◆ Exercise description:
Below is a listing with pictures in it; transcribe exactly the lines from the one that has "Apartamento Rio Branco., João" through the one that has "Lilokids 'Jelle' Spielbett", and omit those pictures.

◆ Supplied records:
-=-=-=-=-

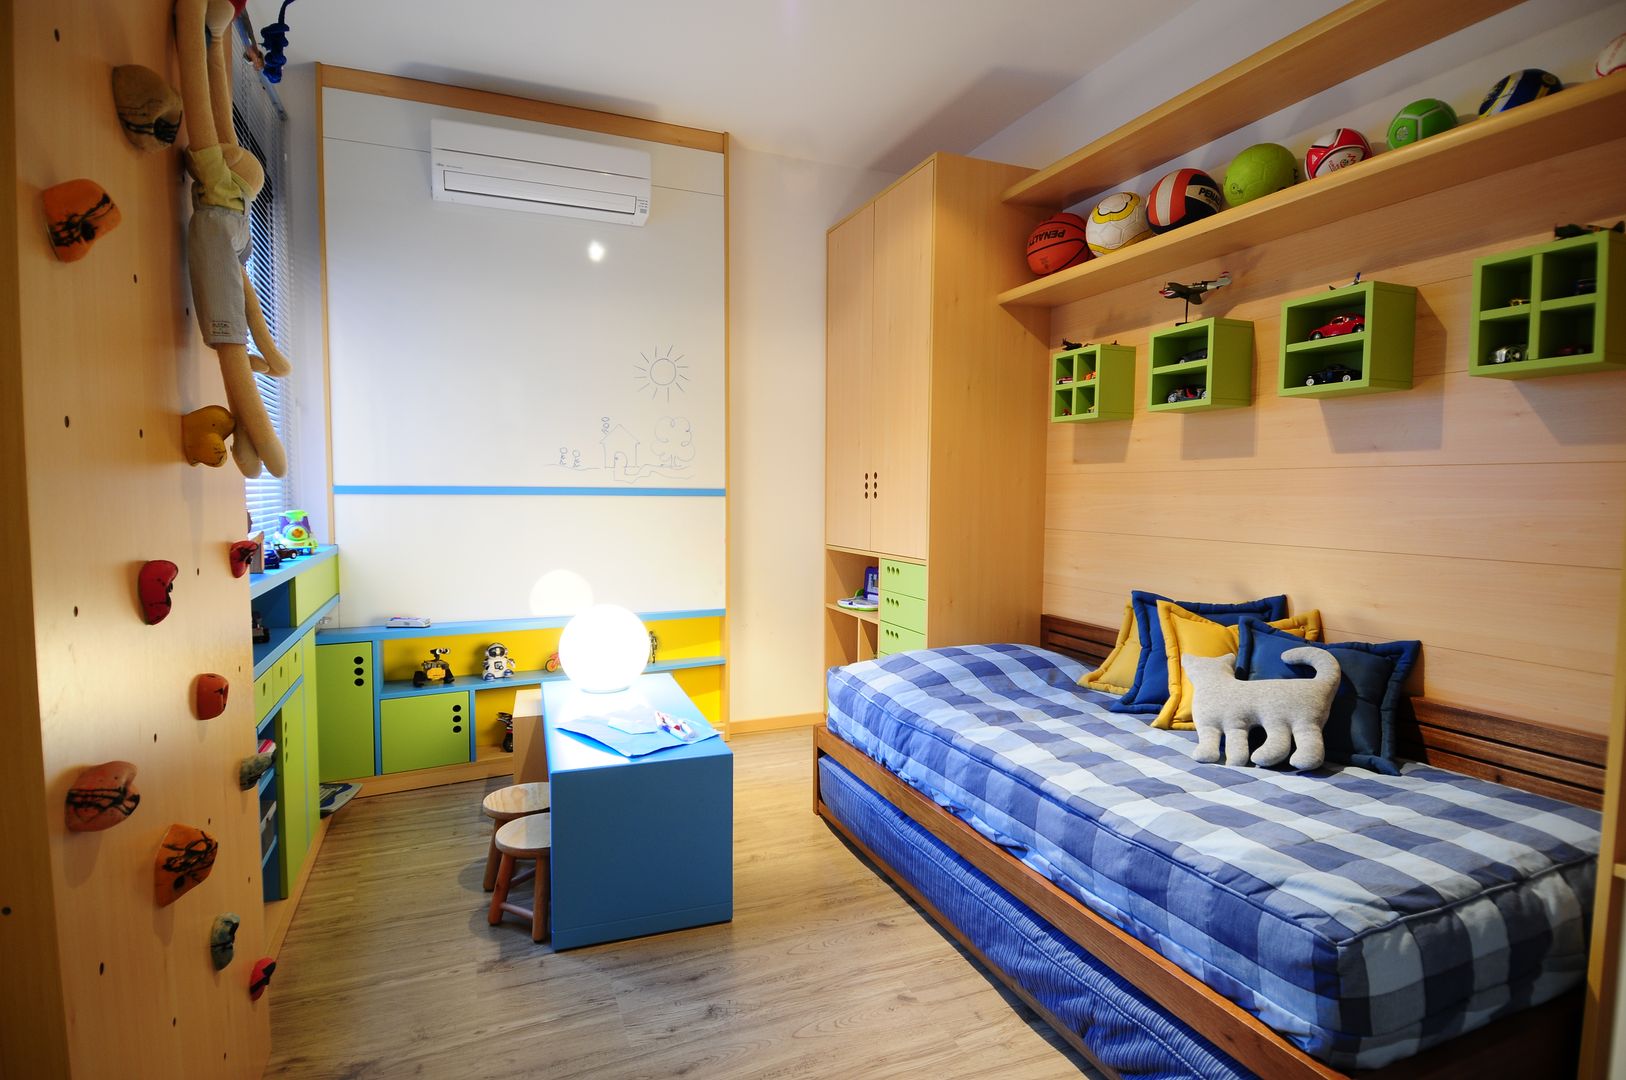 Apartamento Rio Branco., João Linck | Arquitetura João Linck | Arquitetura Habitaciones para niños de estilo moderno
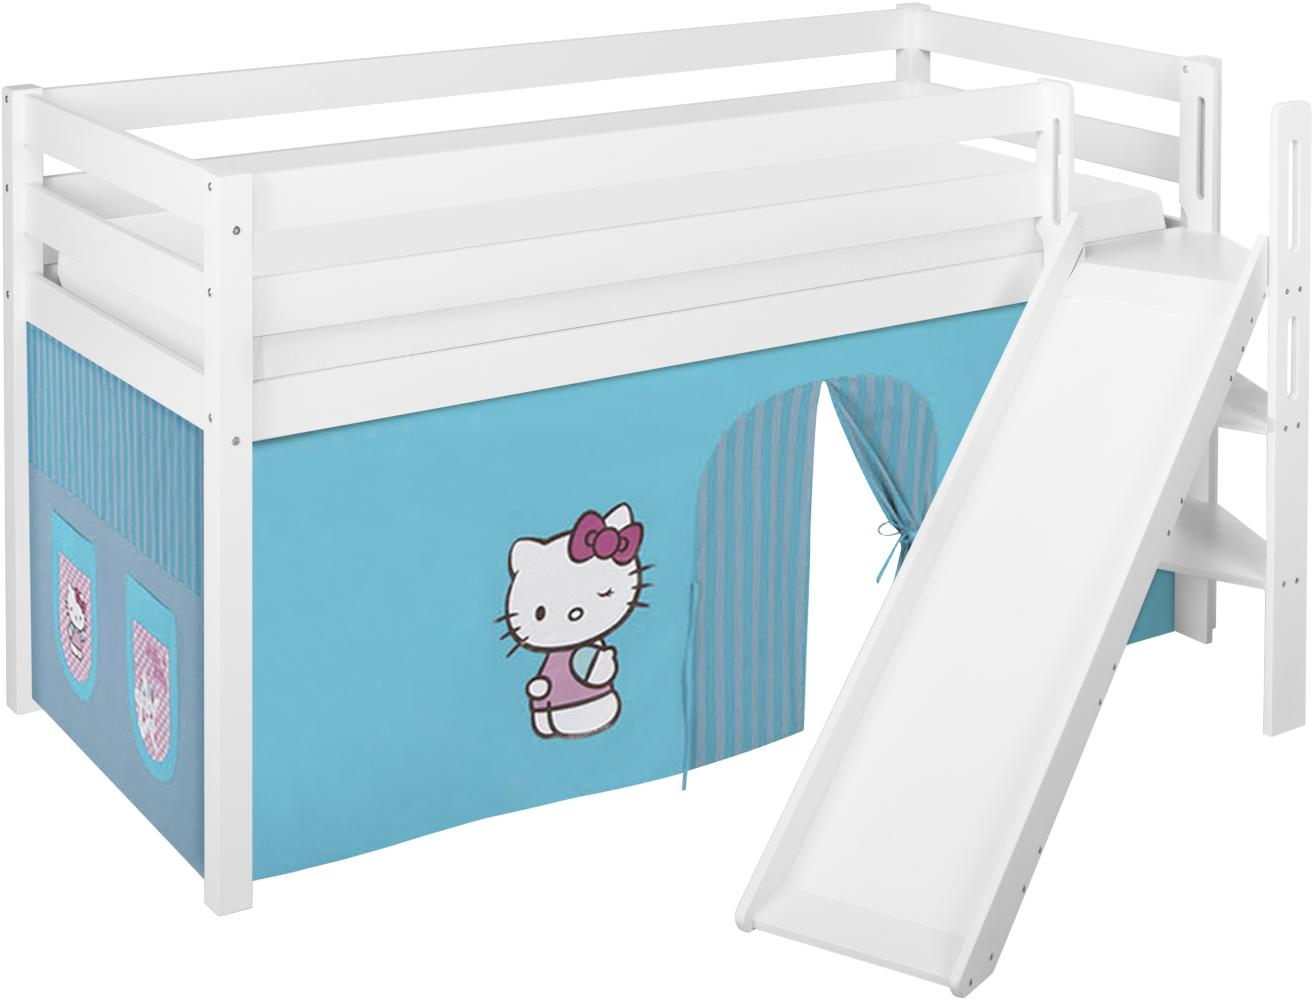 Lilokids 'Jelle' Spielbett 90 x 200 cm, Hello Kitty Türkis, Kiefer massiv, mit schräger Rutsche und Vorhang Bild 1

-=-=-=-=-

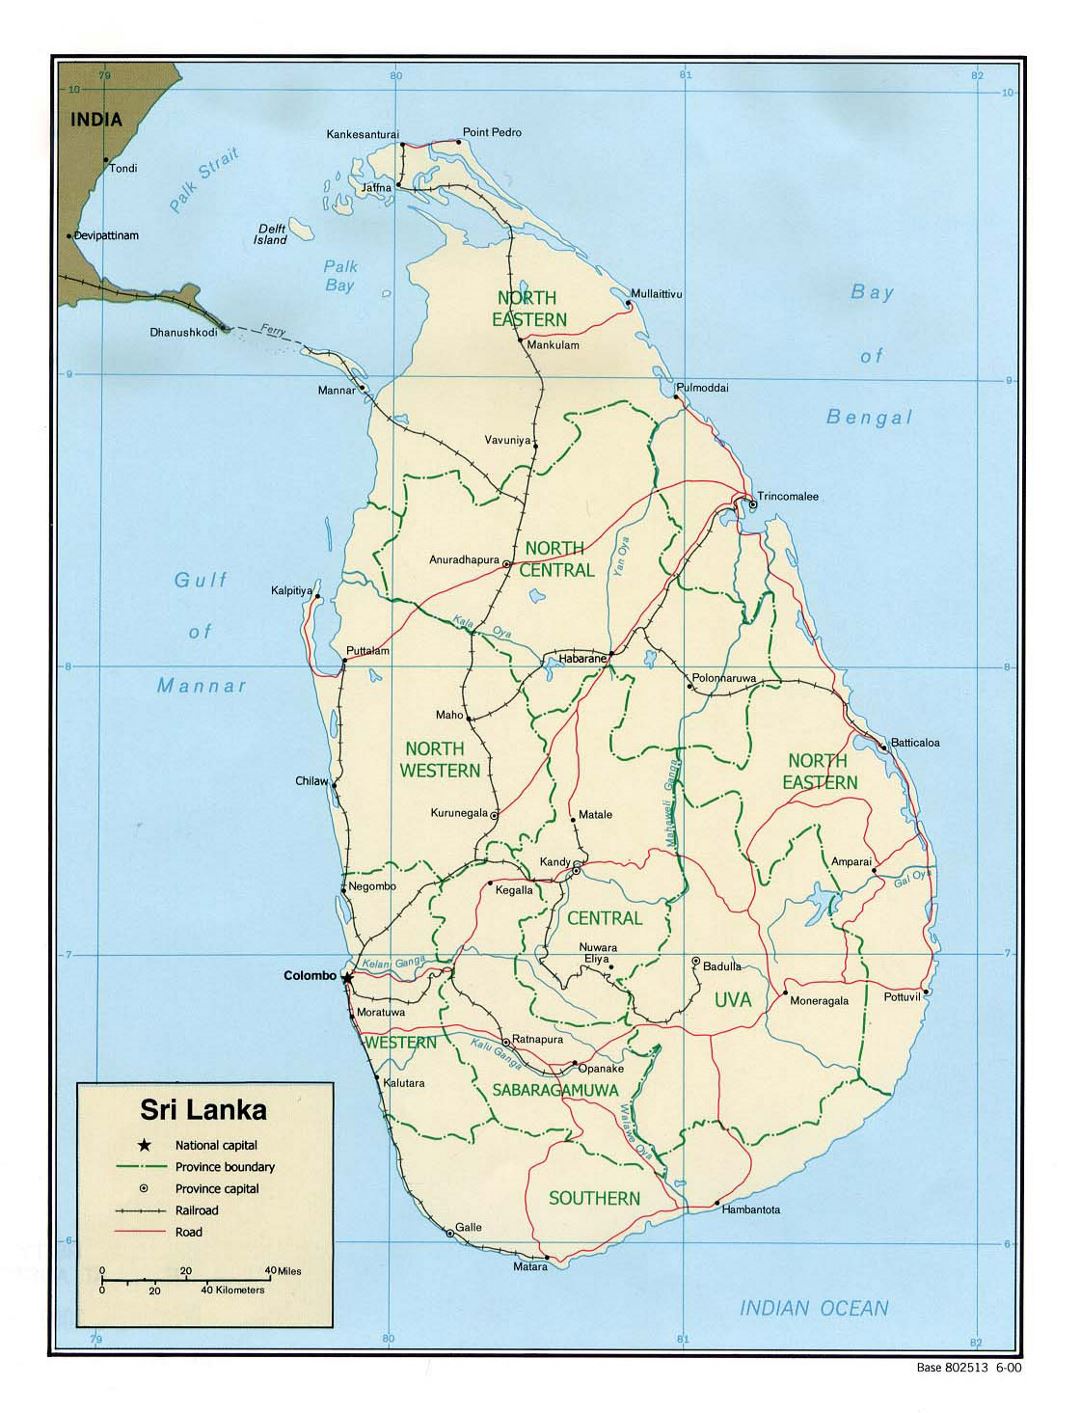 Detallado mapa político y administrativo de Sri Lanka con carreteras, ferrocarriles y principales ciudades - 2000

-=-=-=-=-

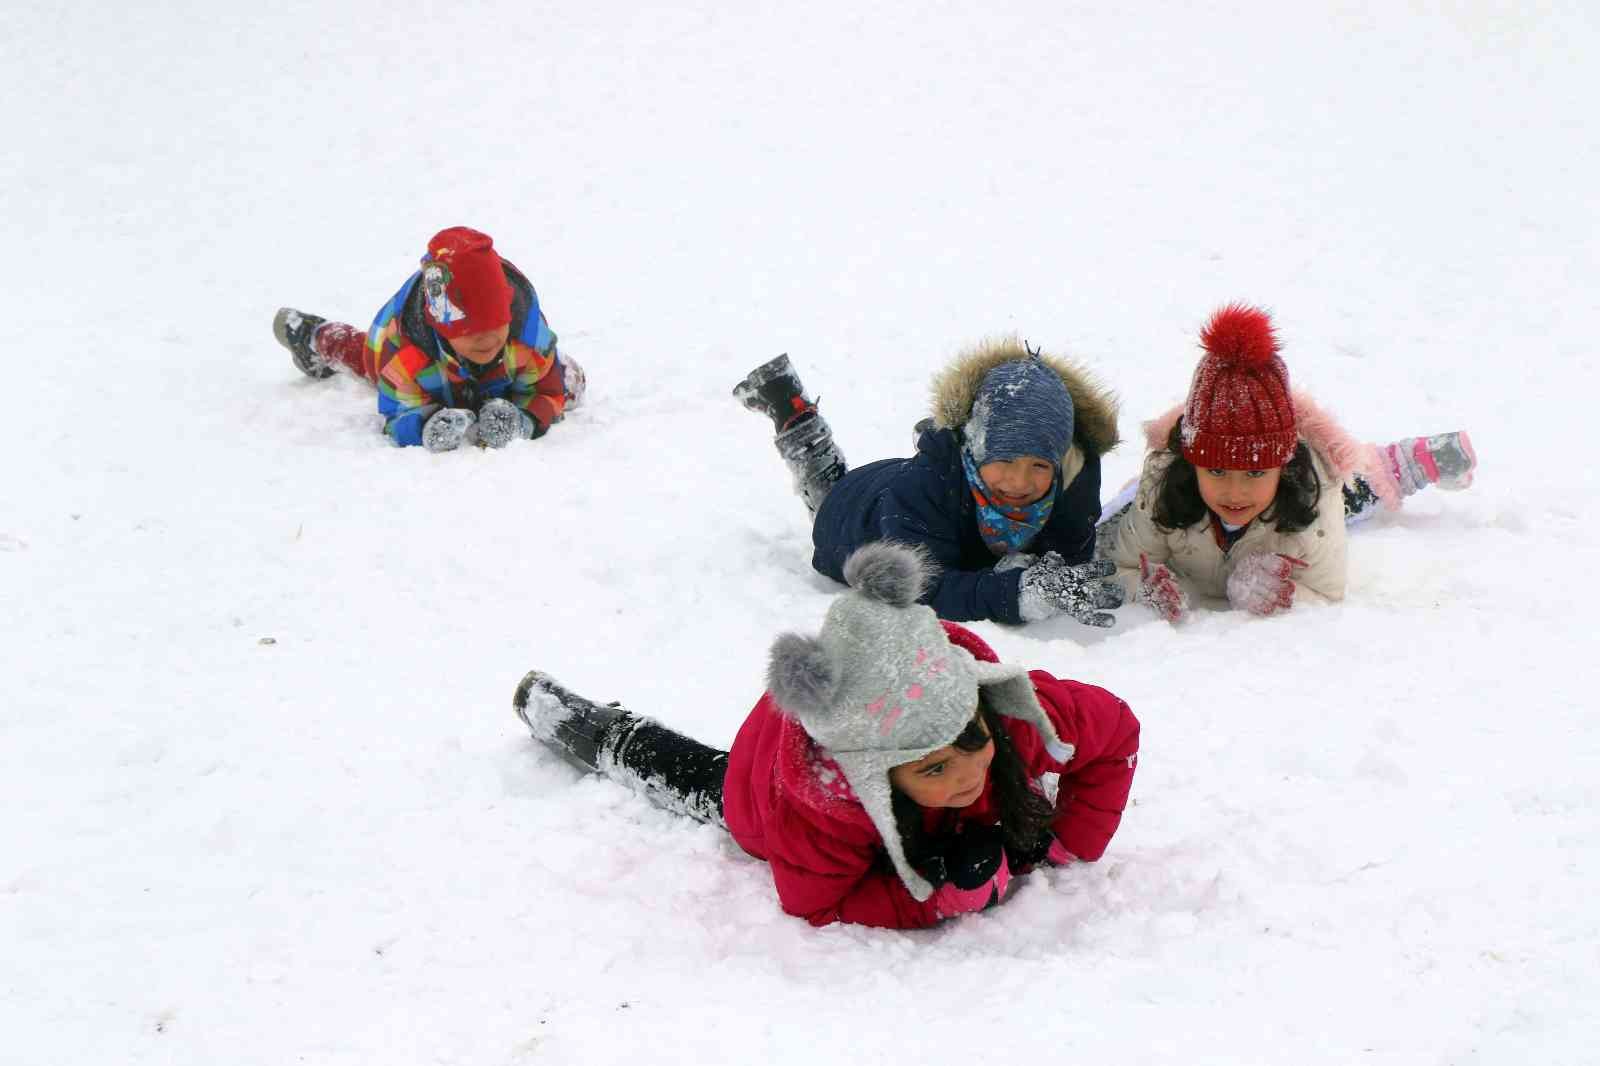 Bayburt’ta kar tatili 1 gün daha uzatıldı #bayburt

-=-=-=-=-

◆ Your response:
 Apartamento Rio Branco., João Linck | Arquitetura João Linck | Arquitetura Habitaciones para niños de estilo moderno
 Lilokids 'Jelle' Spielbett 90 x 200 cm, Hello Kitty Türkis, Kiefer massiv, mit schräger Rutsche und Vorhang Bild 1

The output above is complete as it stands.